*Assigned task*
Return the data word for word. Pictures are to be omitted.
____ Data below
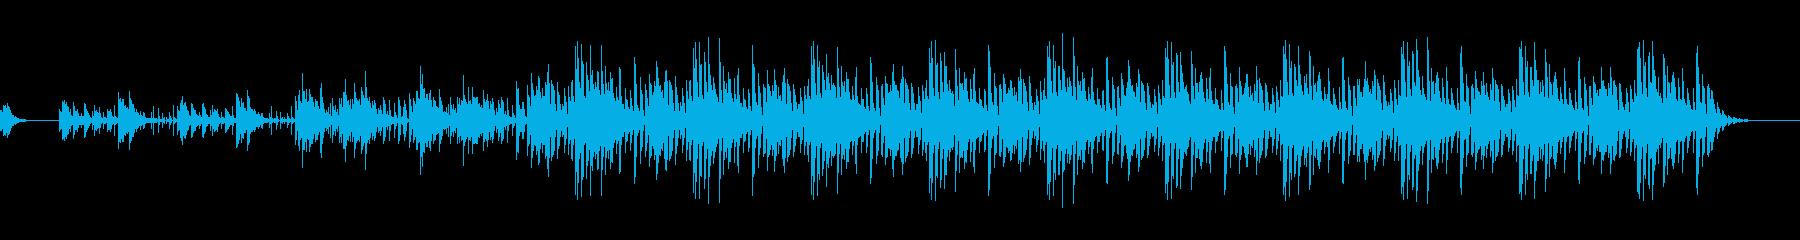 スローテンポノービートバージョンの再生済みの波形
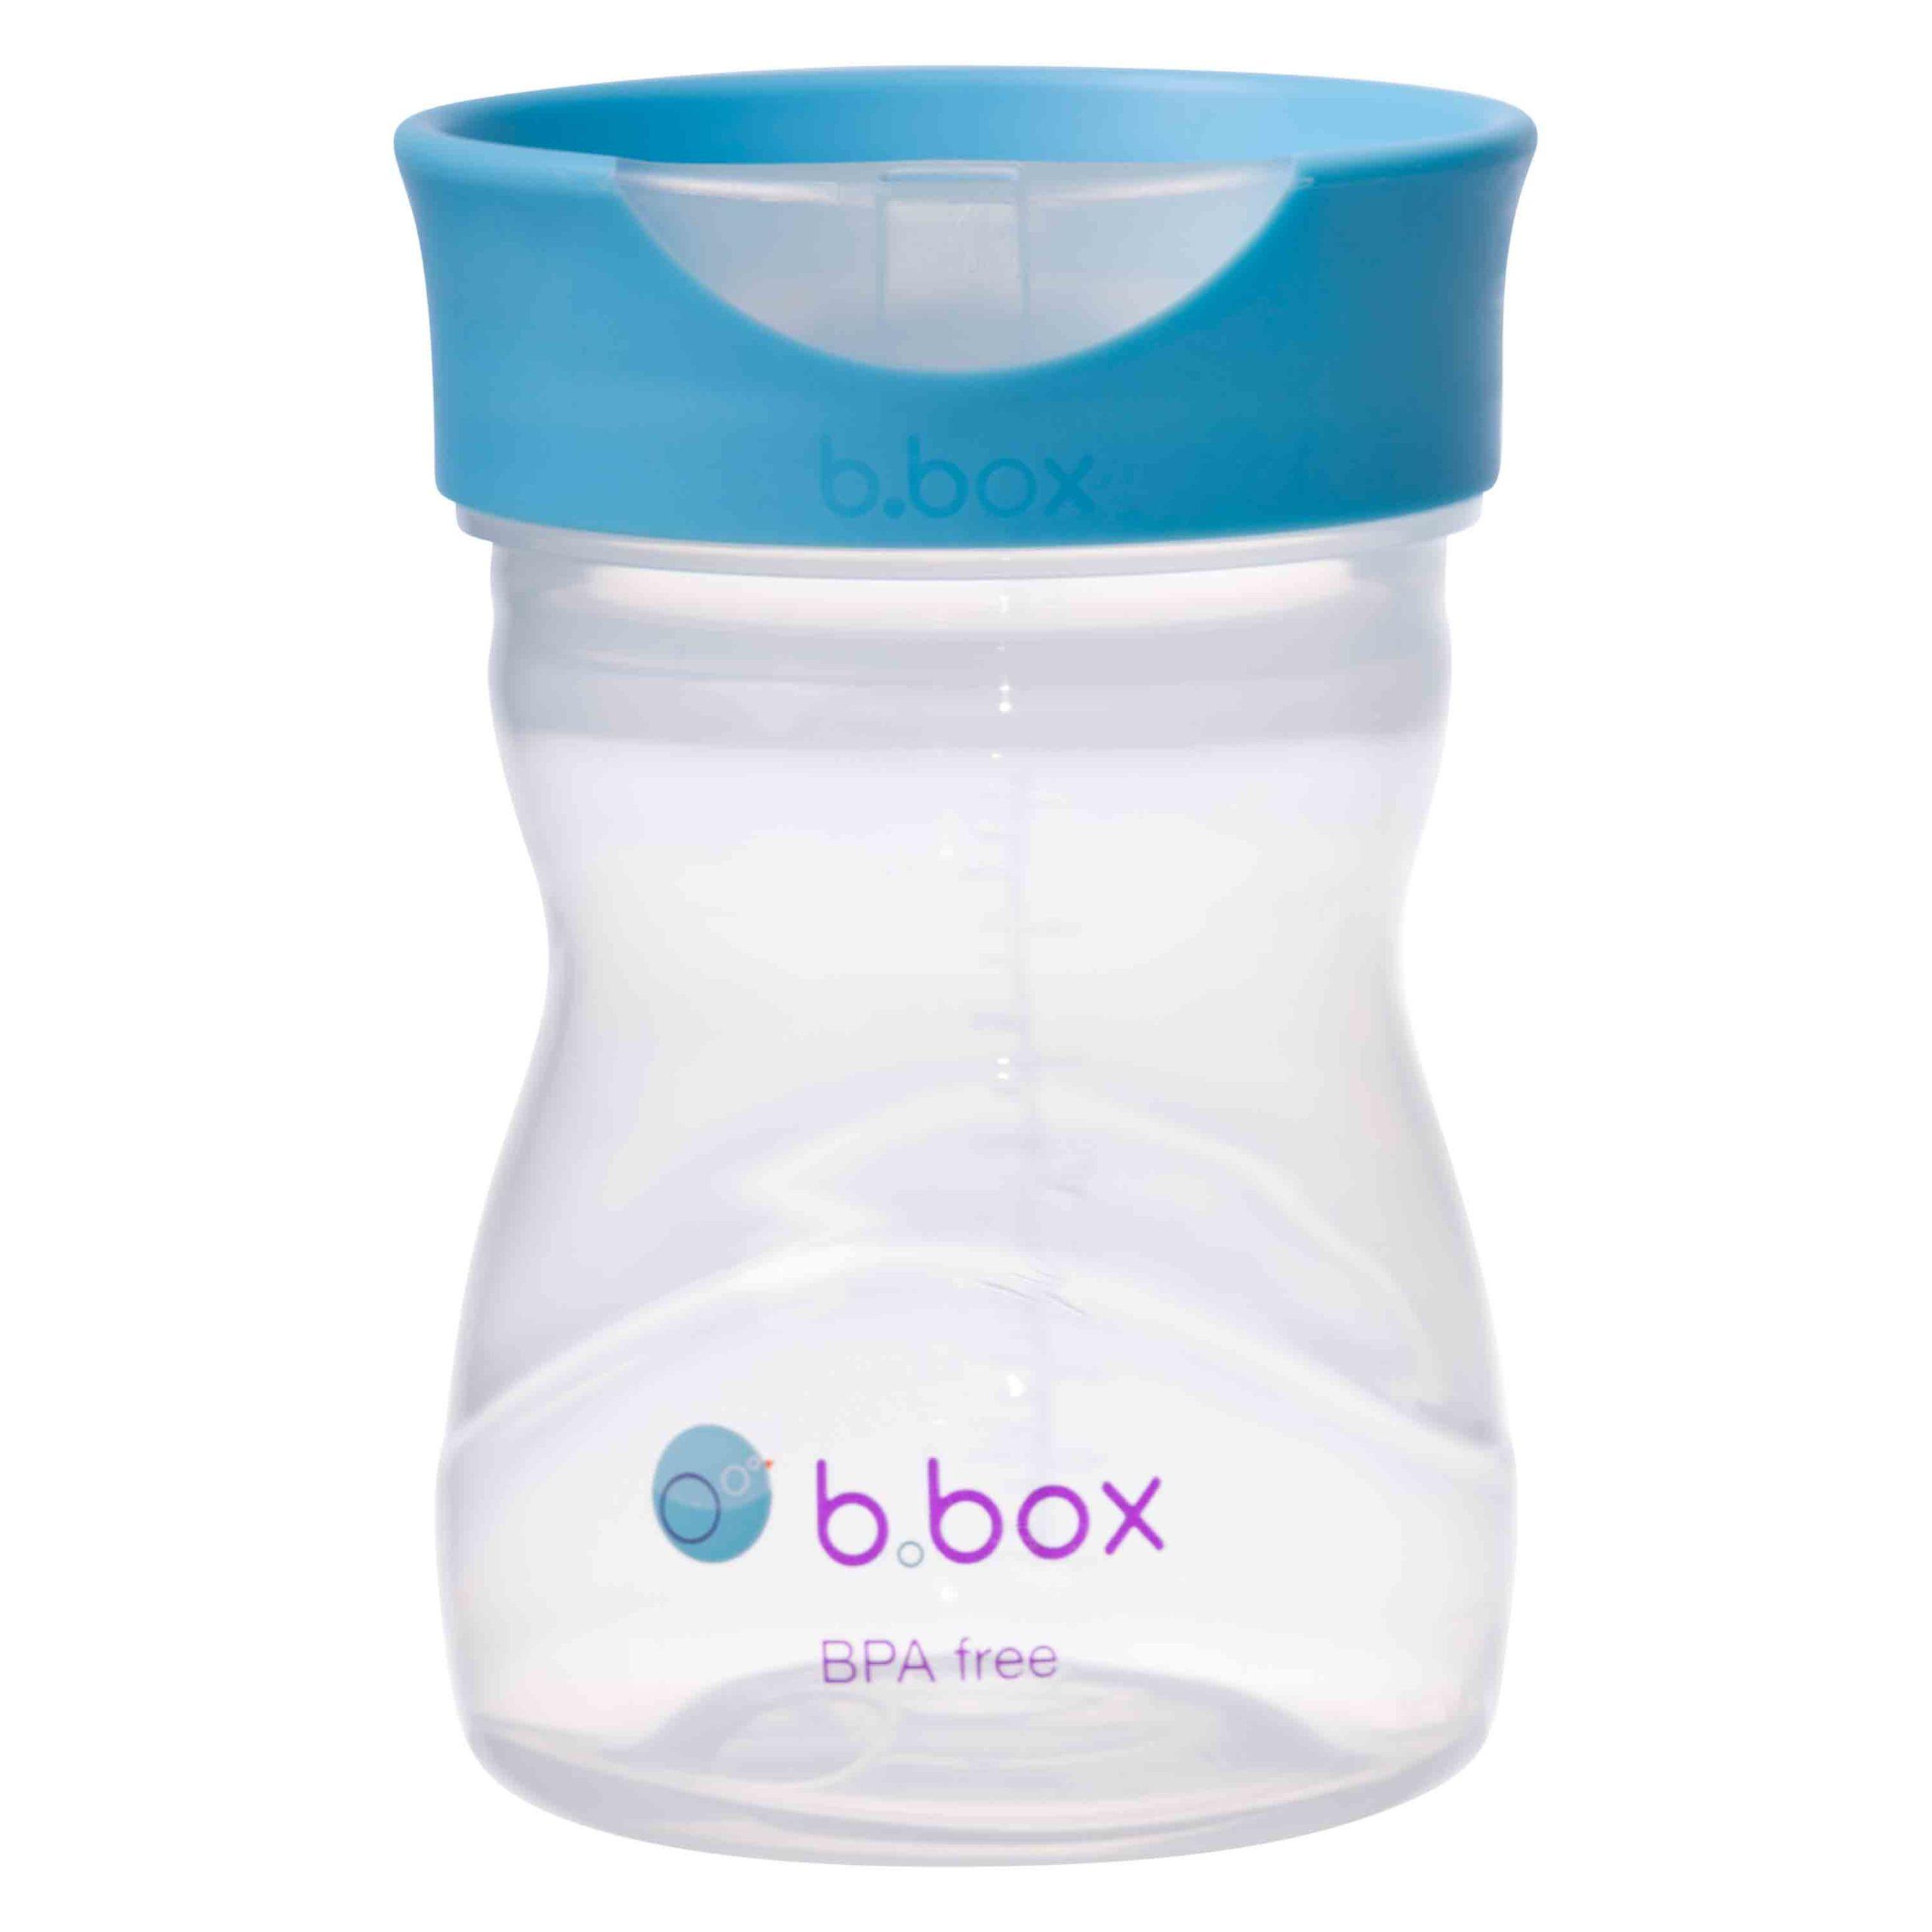 Ποτηράκι σετ 4 σε 1-Bbox- Ανοιχτό στόμιο
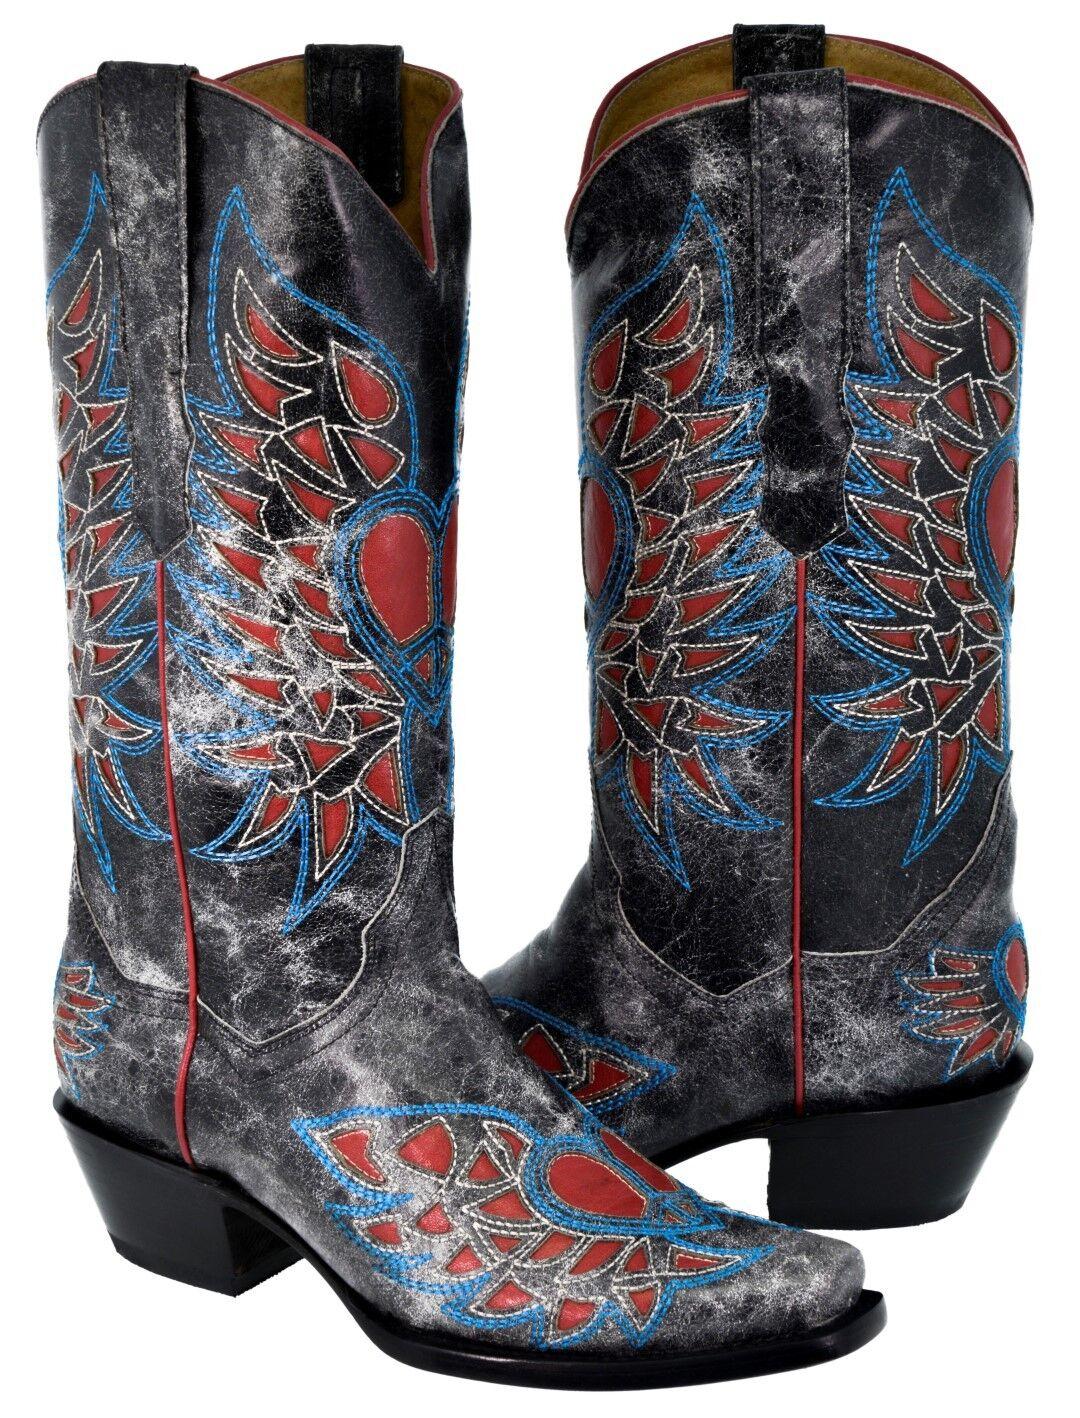 rivenditore di fitness donna Heart Wings Inlay Inlay Inlay nero Distressed Leather Cowboy stivali Western Wear  elementi di novità
________
*Written response*
 スローテンポノービートバージョンの再生済みの波形
 Ποτηράκι σετ 4 σε 1-Bbox- Ανοιχτό στόμιο
 rivenditore di fitness donna Heart Wings Inlay Inlay Inlay nero Distressed Leather Cowboy stivali Western Wear  elementi di novità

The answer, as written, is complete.